_Data under study_
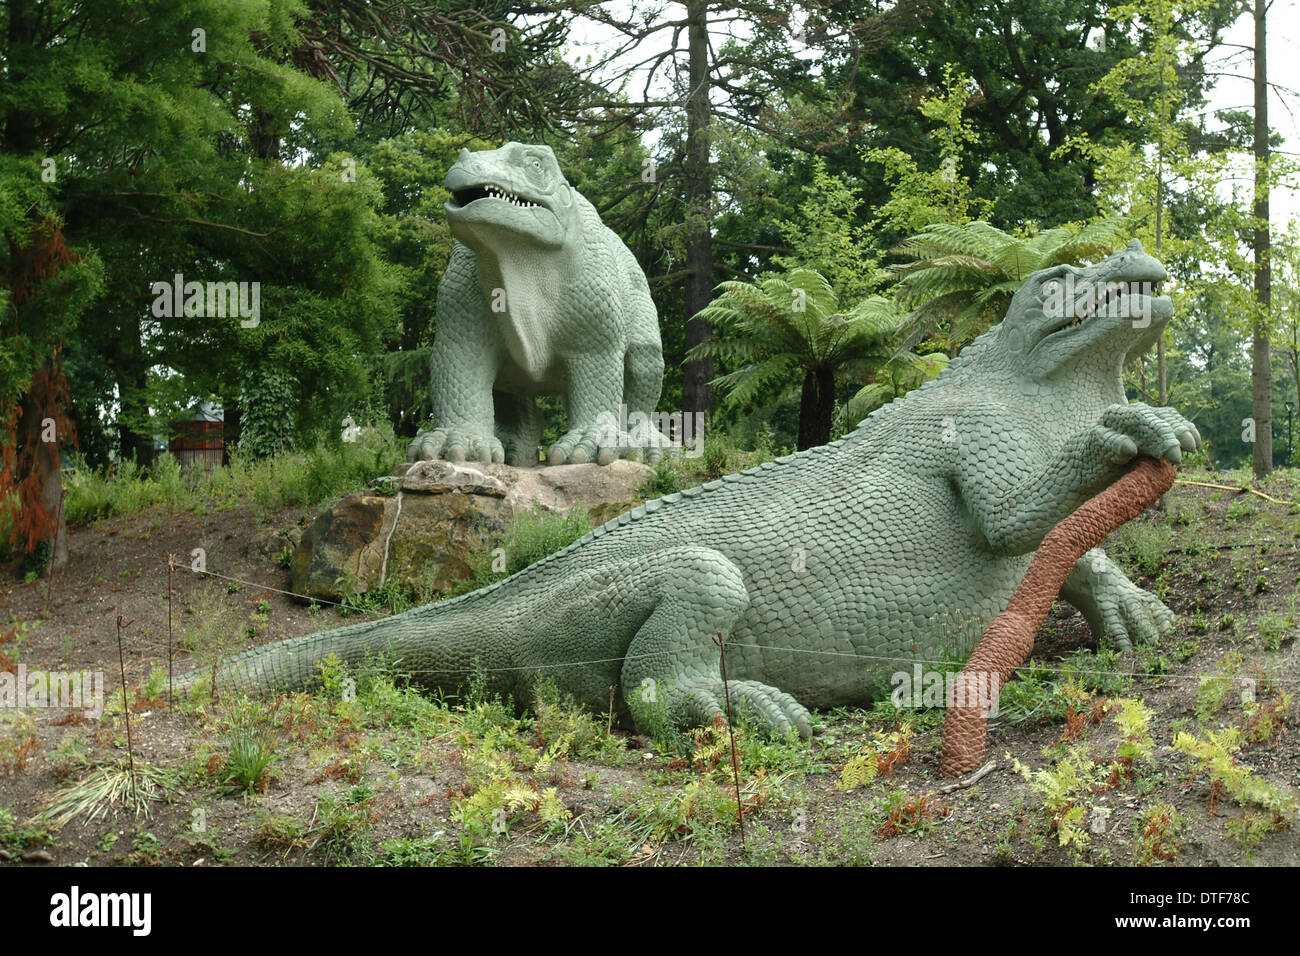 Crystal Palace-Dinosaurier-Modelle Stockfoto
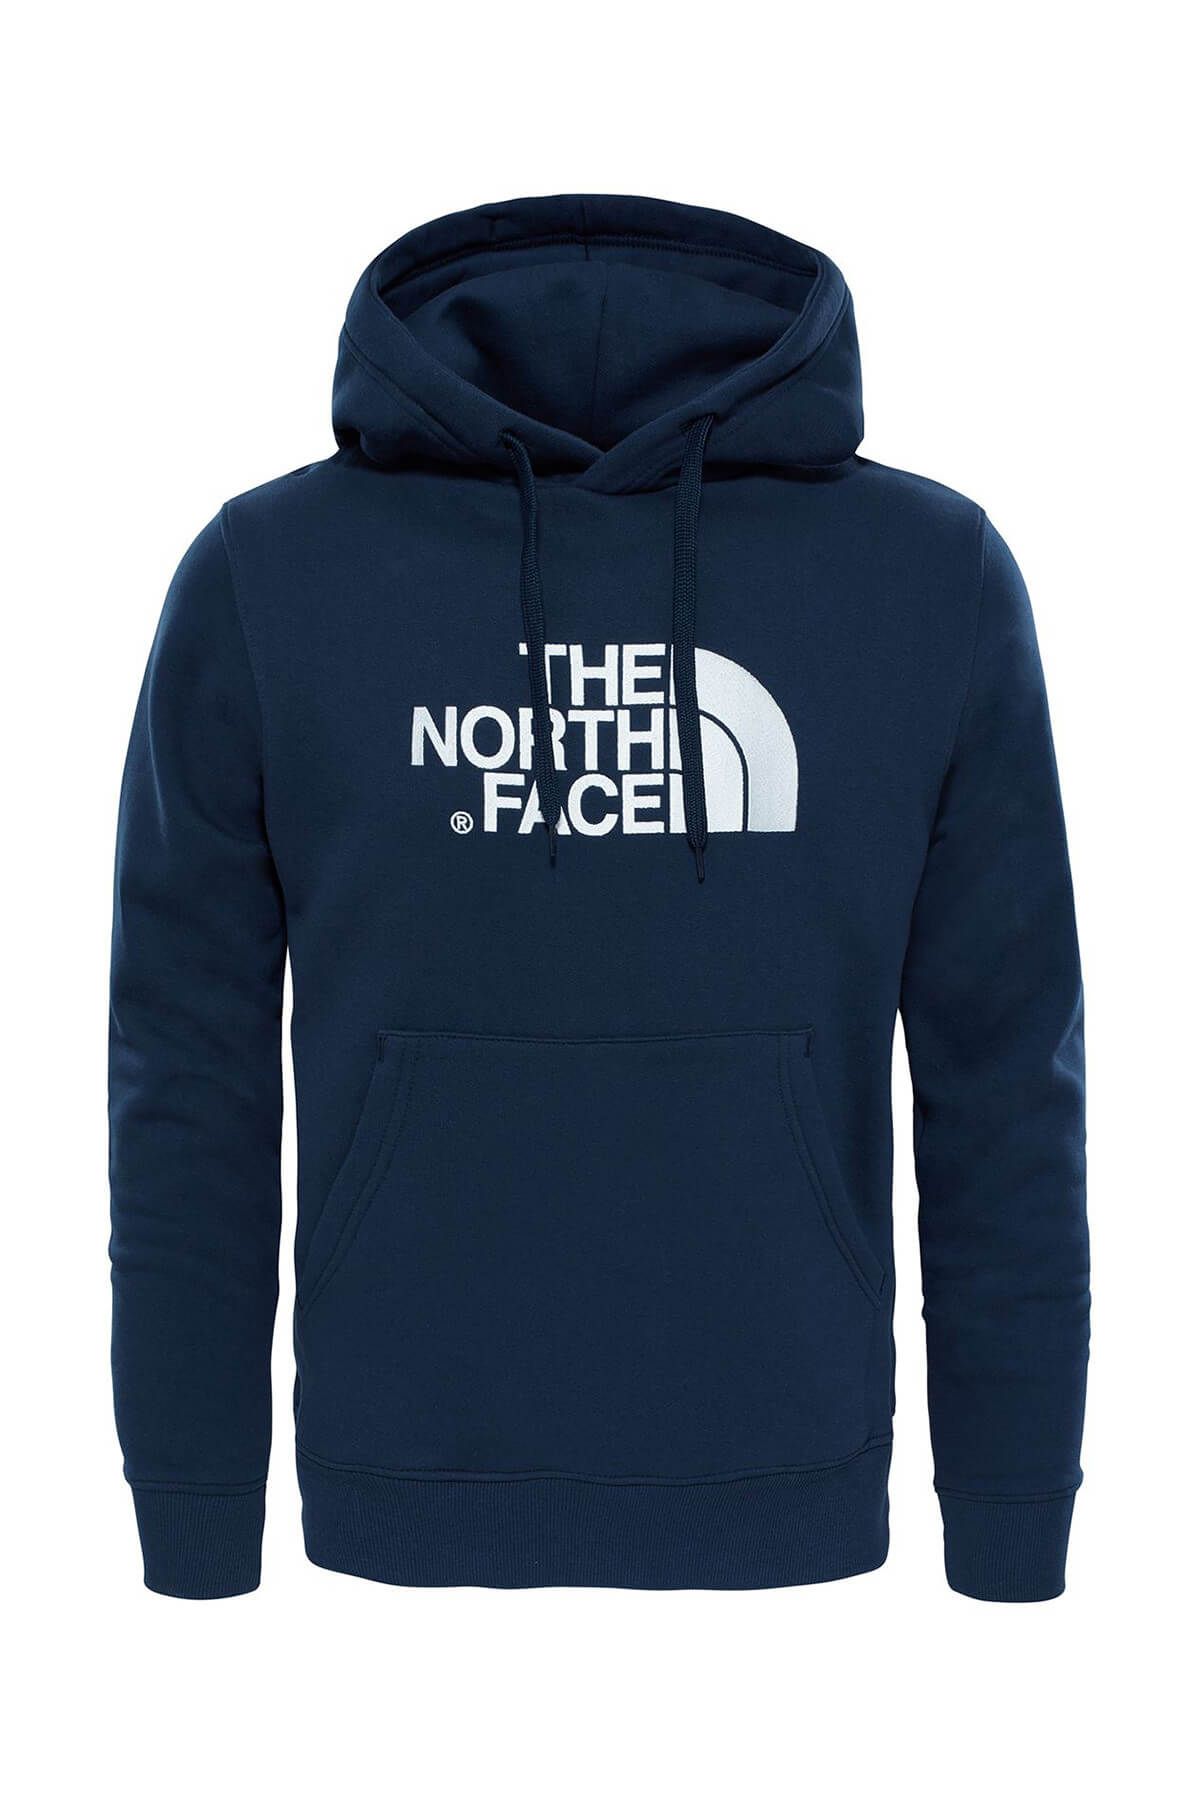 The North Face Erkek Sweatshirt - T0Ahjym6S - T0AHJYM6S
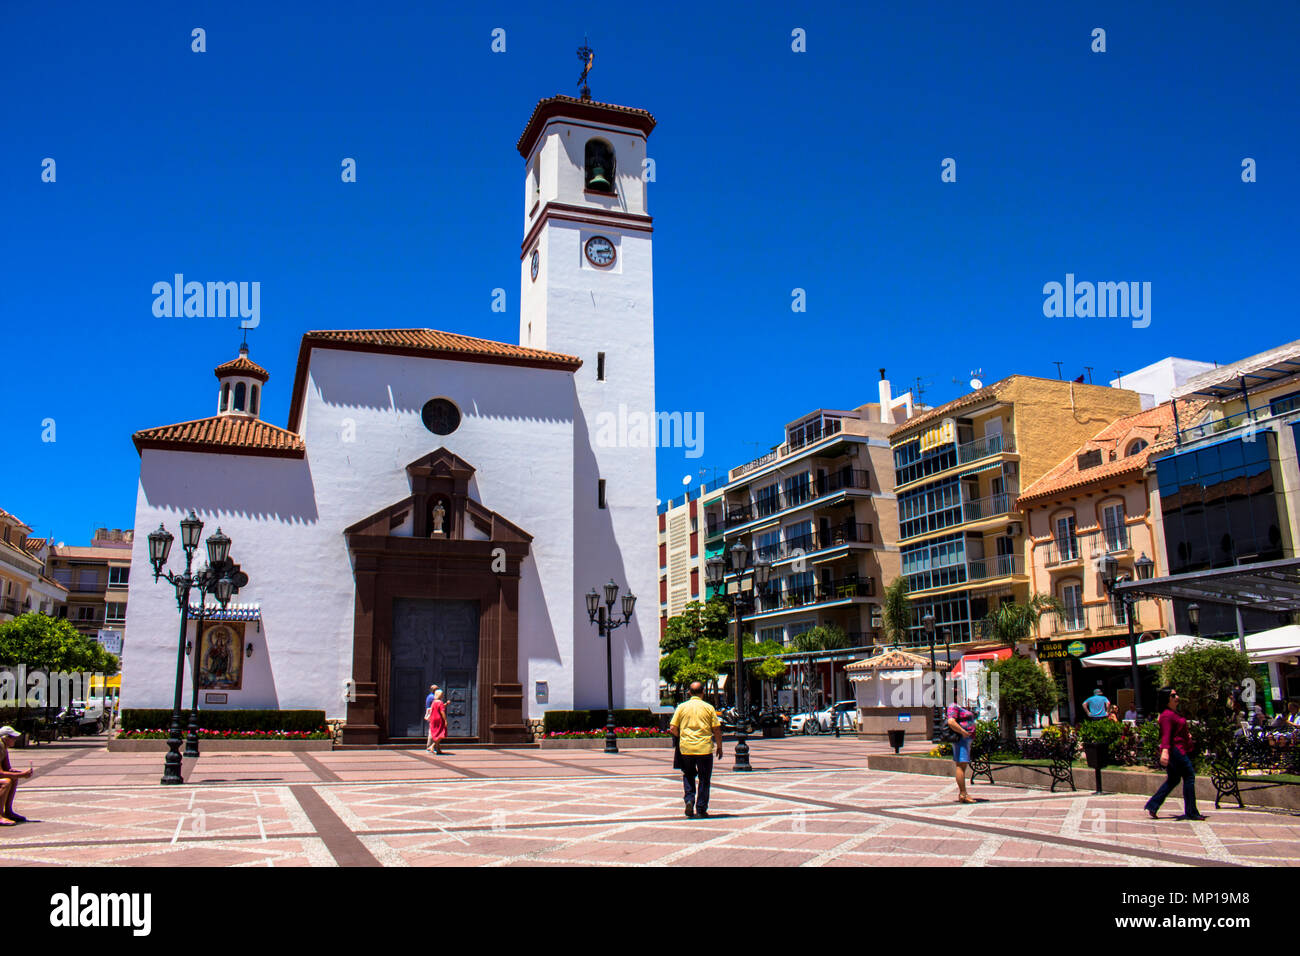 Church. ¨Parroquia de Nuestra Señora del Carmen¨ in Fuengirola. Malaga province, Andalusia, Spain. Picture taken – 15 may 2018. Stock Photo
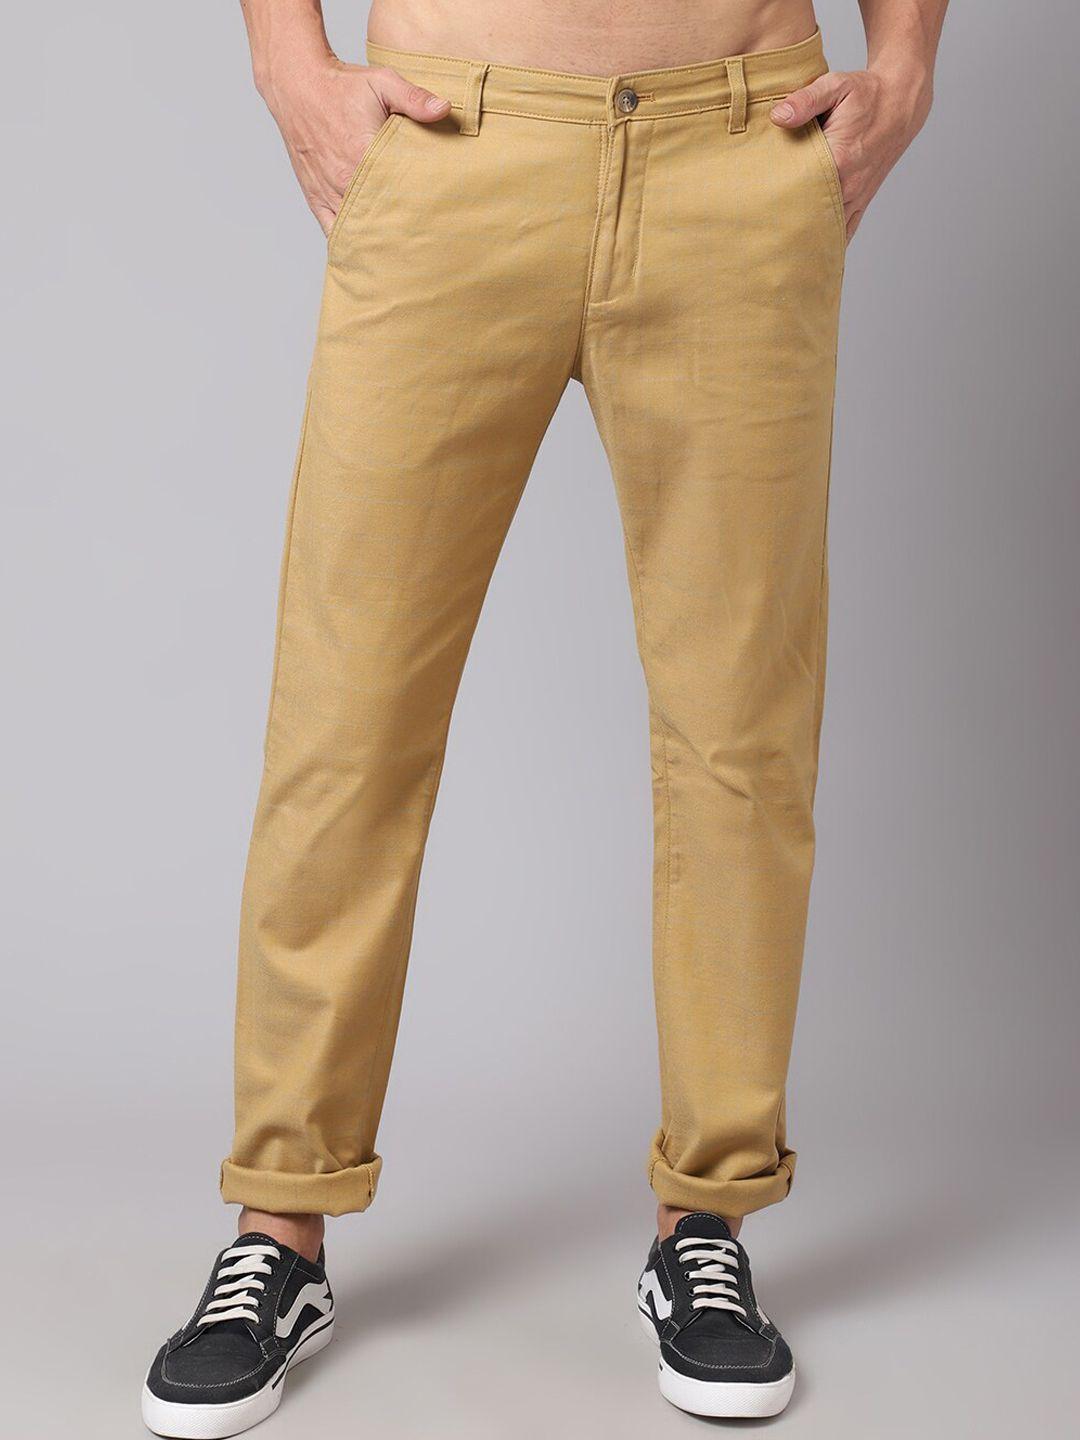 cantabil men khaki chinos cotton trousers
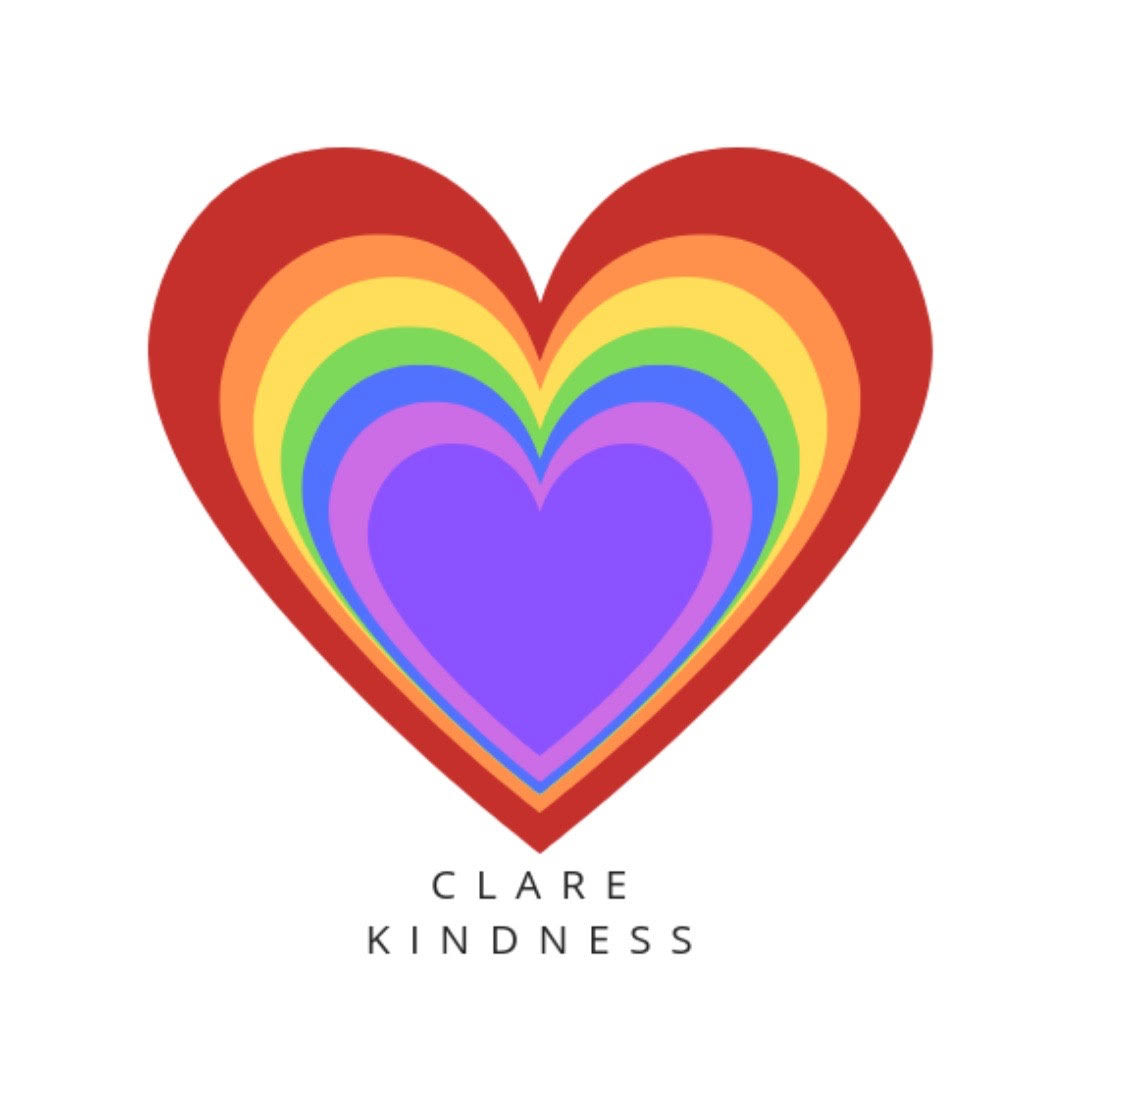 Clare Kindness - Podcast Host & Kindness Coach

_What you should do_
Pictures excluded, return exactly the lines from the one with "The North Face" through the final line of the entries above, both included.

_Solved exercise_
 The North Face Erkek Sweatshirt - T0Ahjym6S - T0AHJYM6S
 Church. ¨Parroquia de Nuestra Señora del Carmen¨ in Fuengirola. Malaga province, Andalusia, Spain. Picture taken – 15 may 2018. Stock Photo
 cantabil men khaki chinos cotton trousers
 Clare Kindness - Podcast Host & Kindness Coach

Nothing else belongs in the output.